Java debugging at scale: when rare events become commonplace

As an individual contributor at Atlassian, one aspect of my job is resolving bugs in production. This can be a challenging and enjoyable form of problem solving. I recently helped understand and fix an intermittent problem with Jira Cloud. It was an interesting tale, not just because of the root cause we finally uncovered, but also because it displayed a few interesting aspects of this process to me:

  • The issues we encounter change with scale, and as we grow we need to find and fix new problems.
  • Problem solving can be a very iterative process, asking questions whose answers which lead to new questions is part and parcel of the process.
  • Sometimes our questions lead to no good answer, and we hit a dead end. This doesn't fix or obviate the problem, but leads us to question our assumptions and investigate different parts of the system.

A little probability backgrounder

Suppose I toss a fair coin – there is a 1 in 2 chance that you'll see a head. If I toss it twice, what are the odds of two heads? It's 1 in 4 (= 2 x 2). Three heads from three tosses? 1 in 8 (= 2 x 2 x 2). Thirty heads from 30 tosses in a row? 1 in 1,073,741,824 – about one in a billion. This seems pretty unlikely, right?

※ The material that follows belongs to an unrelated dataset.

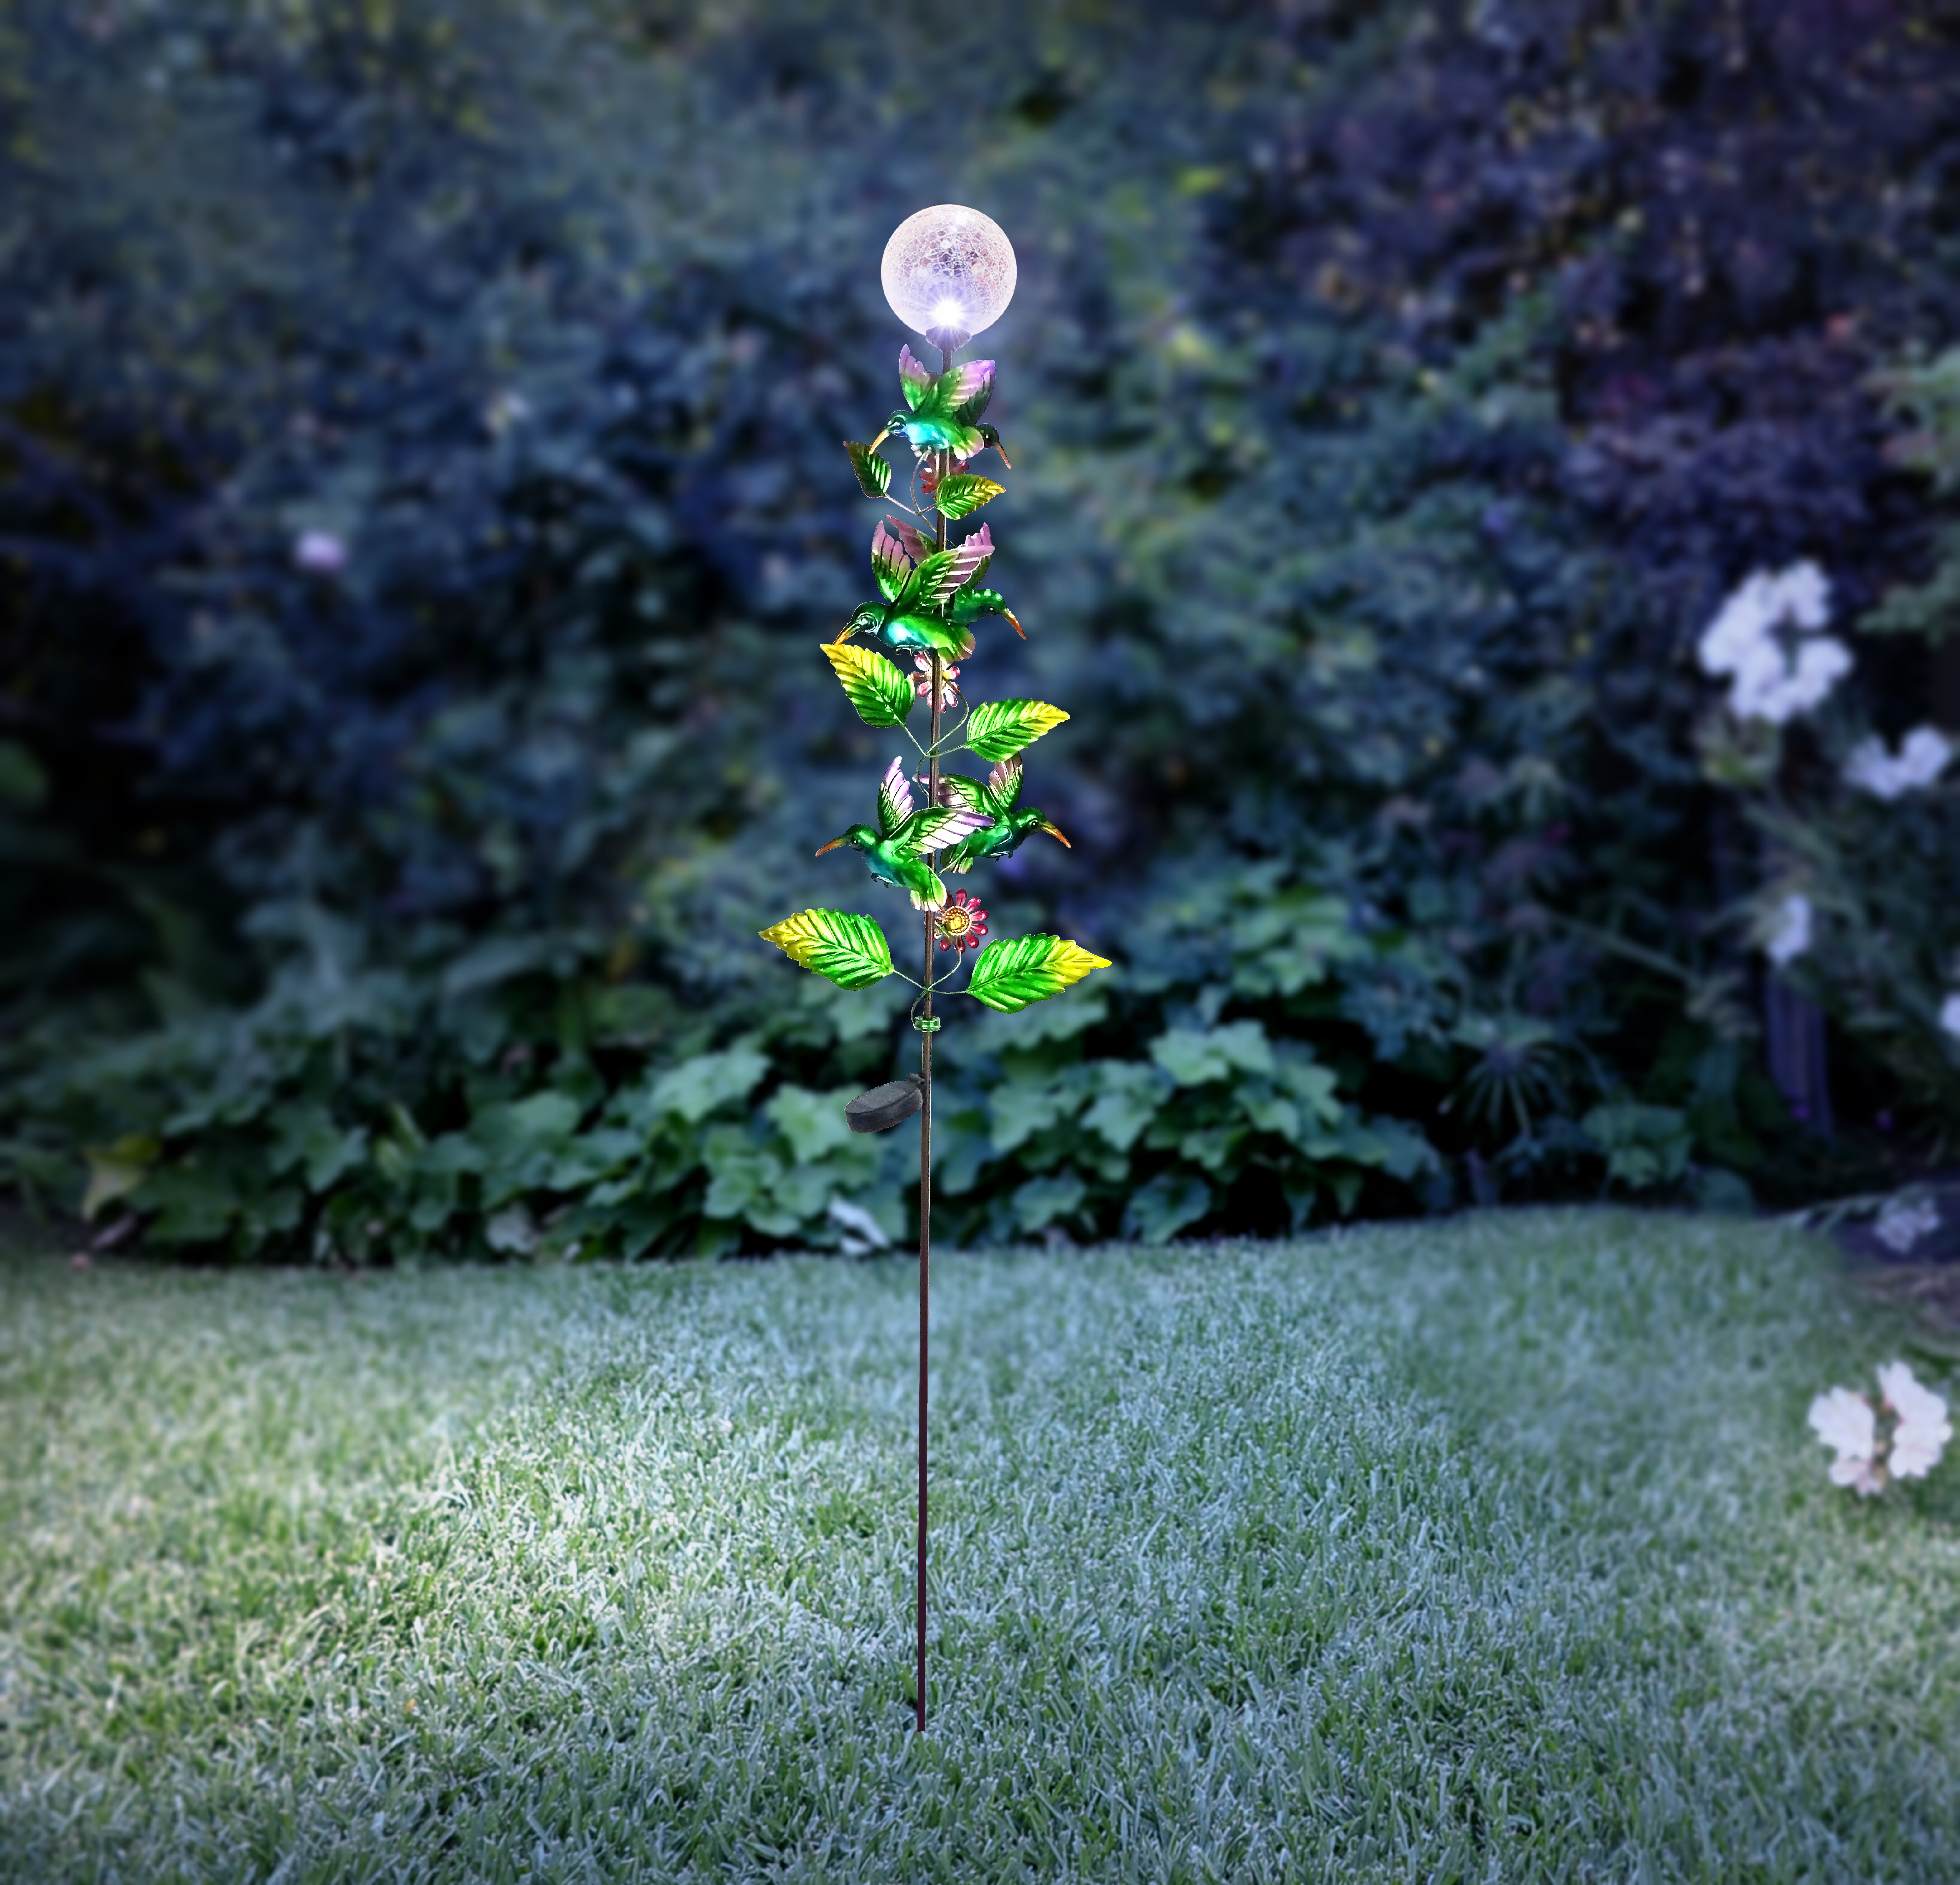 gertrude solar powered ball and metal hummingbird garden stake

However, what if I do this about ten times per millisecond? That is about 10,000 times per second. That works out to about 10,000 x 60 x 60 x 24 = 864,000,000 times per day. In this case, you'd expect to see the 30 tosses all come up heads on about 80 percent of days, or about five or six times a week.

In other words, events that seem rare as a once off, aren't rare at large enough scales.

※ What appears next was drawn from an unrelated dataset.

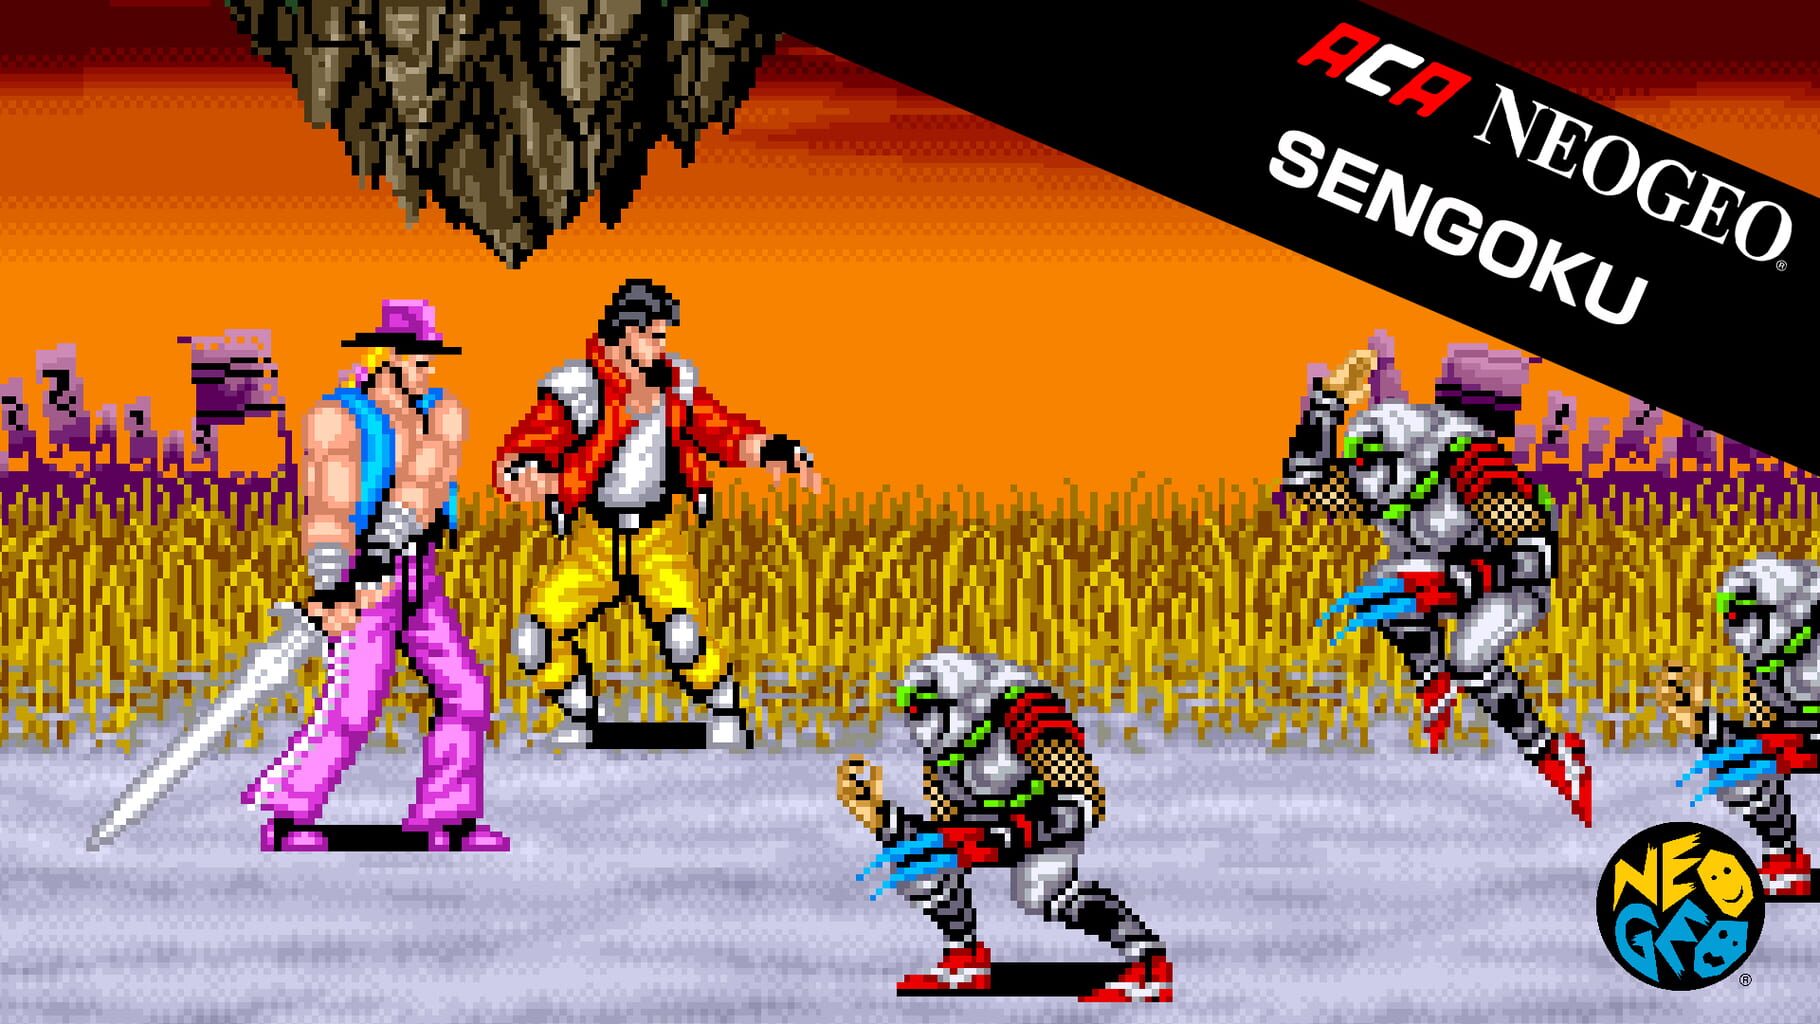 ACA Neo Geo: Sengoku artwork

What does this have to do with Jira?

As mentioned in the introduction, this story is about an intermittent problem with Jira Cloud. It happened about once a week, give or take. Infrequently enough to be weird, but repeated enough to warrant investigation.

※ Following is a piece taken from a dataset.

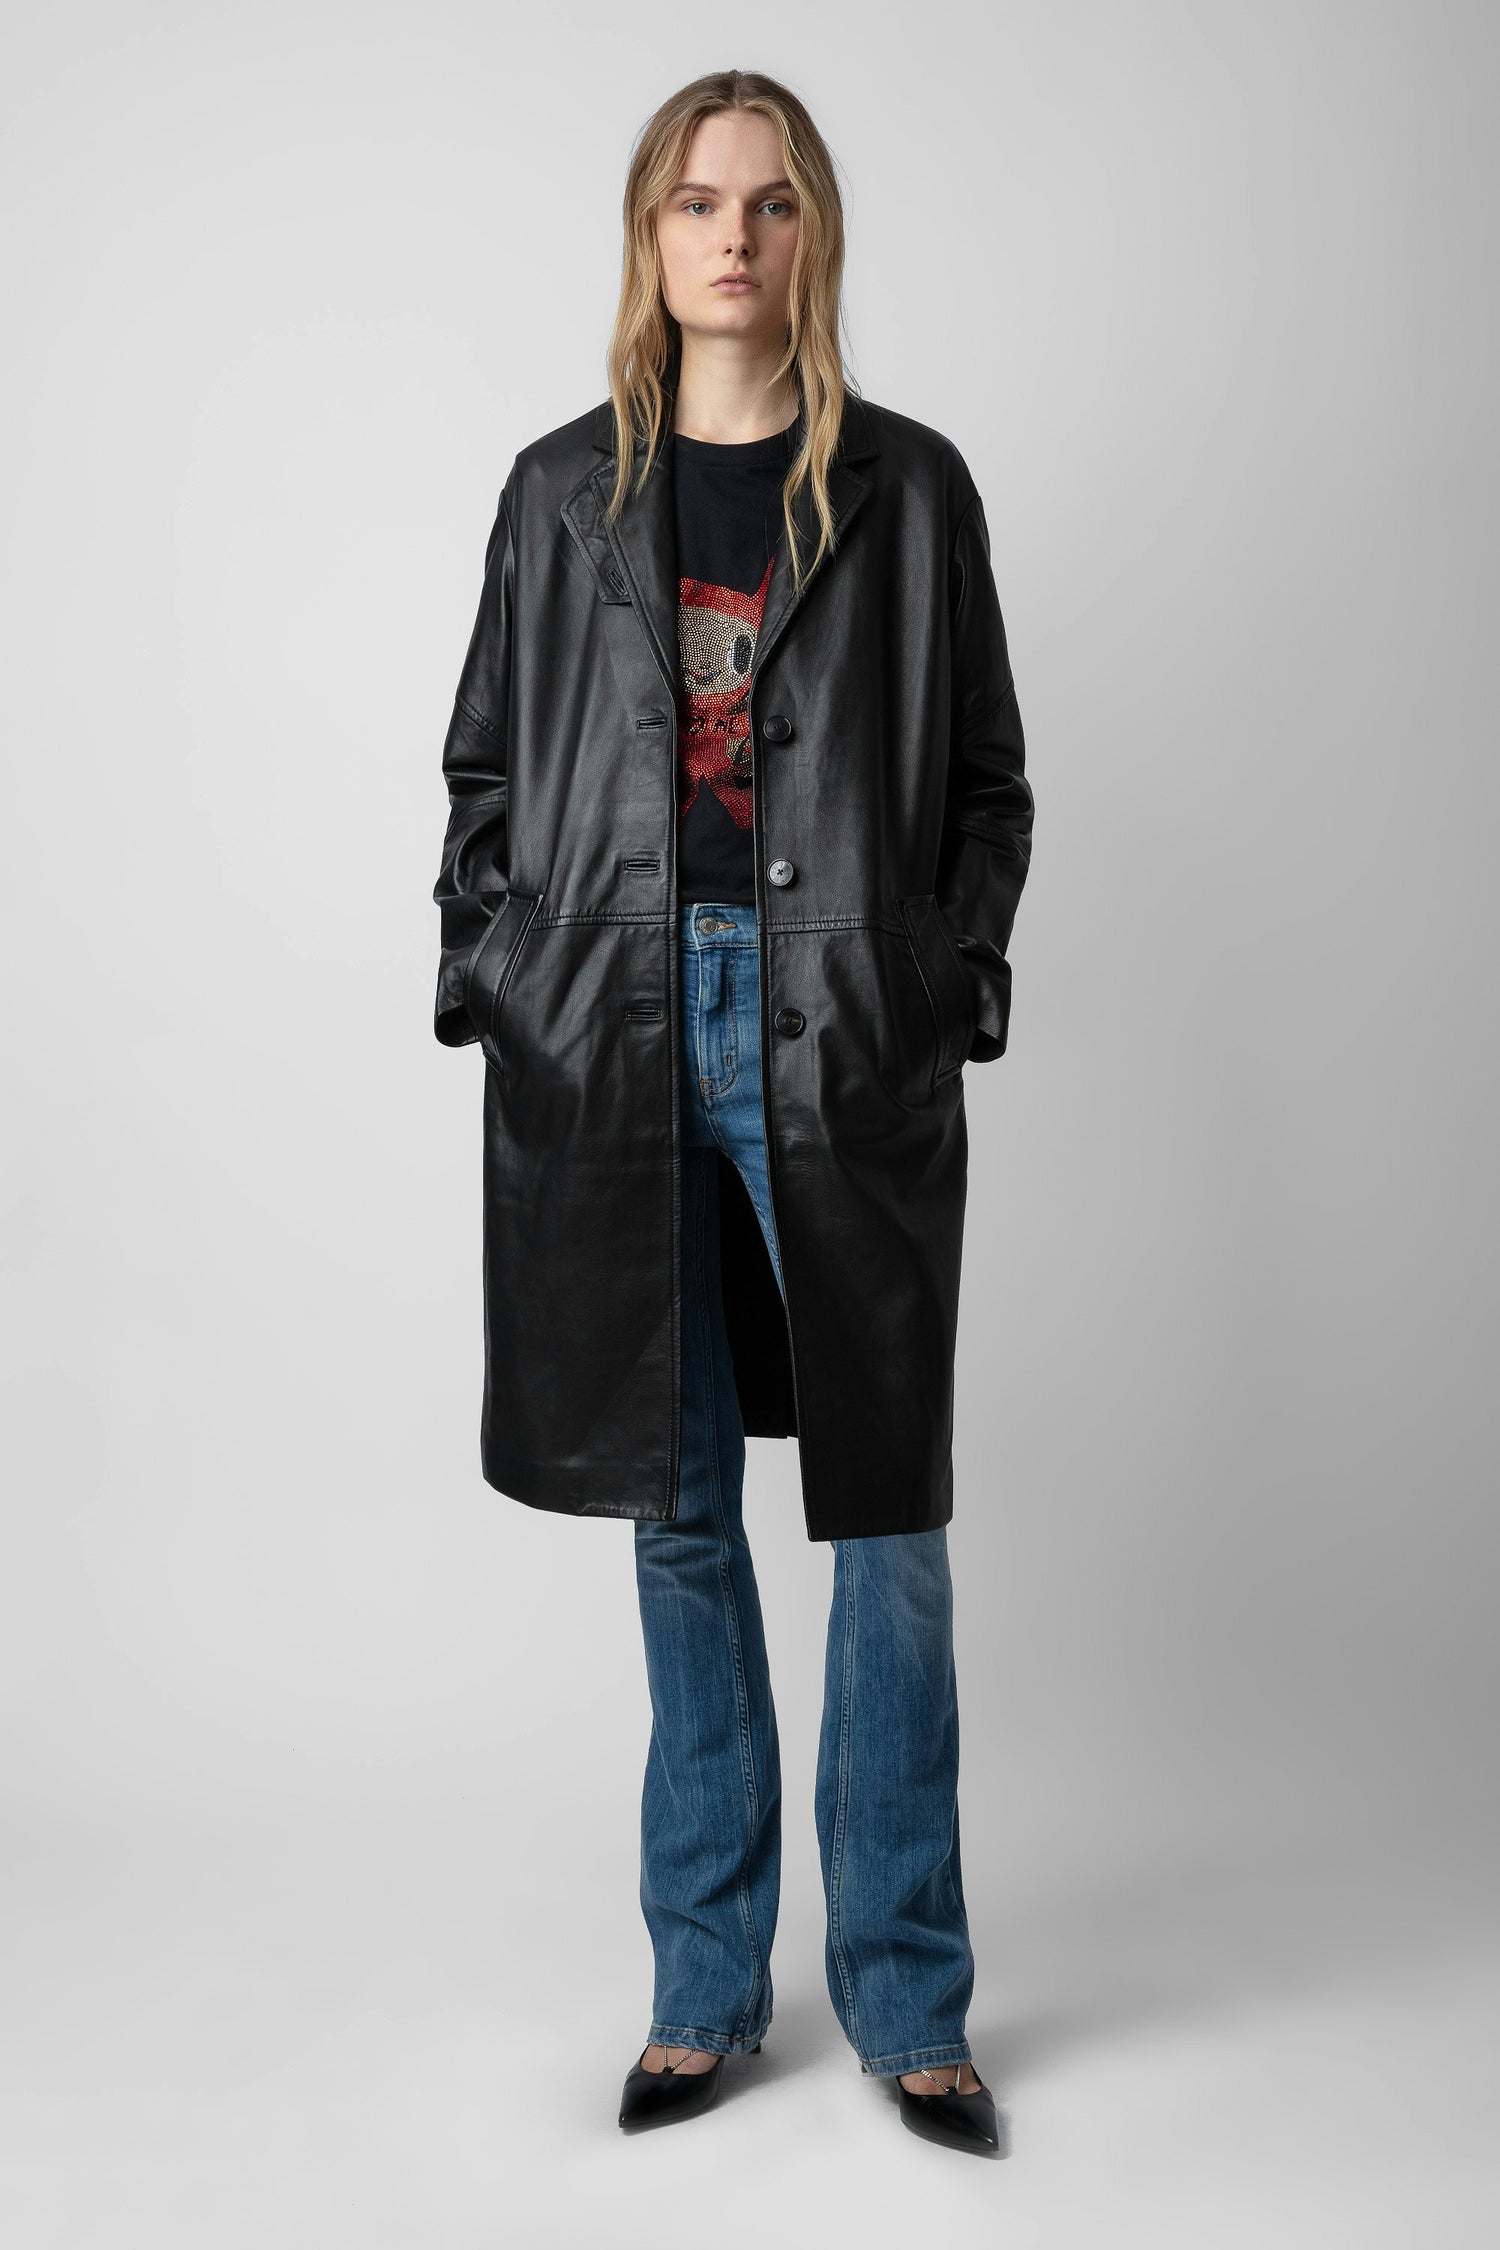 ZADIG & VOLTAIRE: Macari buttoned leather coat, black

The symptoms were very odd. It started with a stack overflow. Once one of the nodes in the Jira cluster experienced this stack overflow, that node got them in huge volumes – for example nearly 14,000 in a minute. The only way out was to kill the node. The stack, when we got it, had a repeating section that looked like:

at c.a.j.r.v.f.UserBeanFactory$$EnhancerBySpringCGLIB$$967b2ba5.buildUserBeans(<generated>)
at s.r.GeneratedMethodAccessor3885.invoke(Unknown Source)
at s.r.DelegatingMethodAccessorImpl.invoke(DelegatingMethodAccessorImpl.java:43) at j.l.r.Method.invoke(Method.java:498)
at o.s.a.s.AopUtils.invokeJoinpointUsingReflection(AopUtils.java:333)
at o.e.g.b.s.i.s.i.a.ServiceInvoker.doInvoke(ServiceInvoker.java:56)
at o.e.g.b.s.i.s.i.a.ServiceInvoker.invoke(ServiceInvoker.java:60)
at o.s.a.f.ReflectiveMethodInvocation.proceed(ReflectiveMethodInvocation.java:179)
at o.s.a.s.DelegatingIntroductionInterceptor.doProceed(DelegatingIntroductionInterceptor.java:133)
at o.s.a.s.DelegatingIntroductionInterceptor.invoke(DelegatingIntroductionInterceptor.java:121)
at o.s.a.f.ReflectiveMethodInvocation.proceed(ReflectiveMethodInvocation.java:179)
at o.e.g.b.s.u.i.a.ServiceTCCLInterceptor$1.run(ServiceTCCLInterceptor.java:61)
at o.e.g.b.u.i.PrivilegedUtils.executeWithCustomTCCL(PrivilegedUtils.java:130)
at o.e.g.b.s.u.i.a.ServiceTCCLInterceptor.invokePrivileged(ServiceTCCLInterceptor.java:58)
at o.e.g.b.s.u.i.a.ServiceTCCLInterceptor.invoke(ServiceTCCLInterceptor.java:50)
at o.s.a.f.ReflectiveMethodInvocation.proceed(ReflectiveMethodInvocation.java:179)
at o.e.g.b.s.i.s.LocalBundleContextAdvice.invoke(LocalBundleContextAdvice.java:57)
at o.s.a.f.ReflectiveMethodInvocation.proceed(ReflectiveMethodInvocation.java:179)
at o.s.a.s.DelegatingIntroductionInterceptor.doProceed(DelegatingIntroductionInterceptor.java:133)
at o.s.a.s.DelegatingIntroductionInterceptor.invoke(DelegatingIntroductionInterceptor.java:121)
at o.s.a.f.ReflectiveMethodInvocation.proceed(ReflectiveMethodInvocation.java:179)
at o.s.a.f.CglibAopProxy$FixedChainStaticTargetInterceptor.intercept(CglibAopProxy.java:620)
at c.a.j.r.v.f.UserBeanFactory$$EnhancerBySpringCGLIB$$967b2ba5.buildUserBeans(<generated>)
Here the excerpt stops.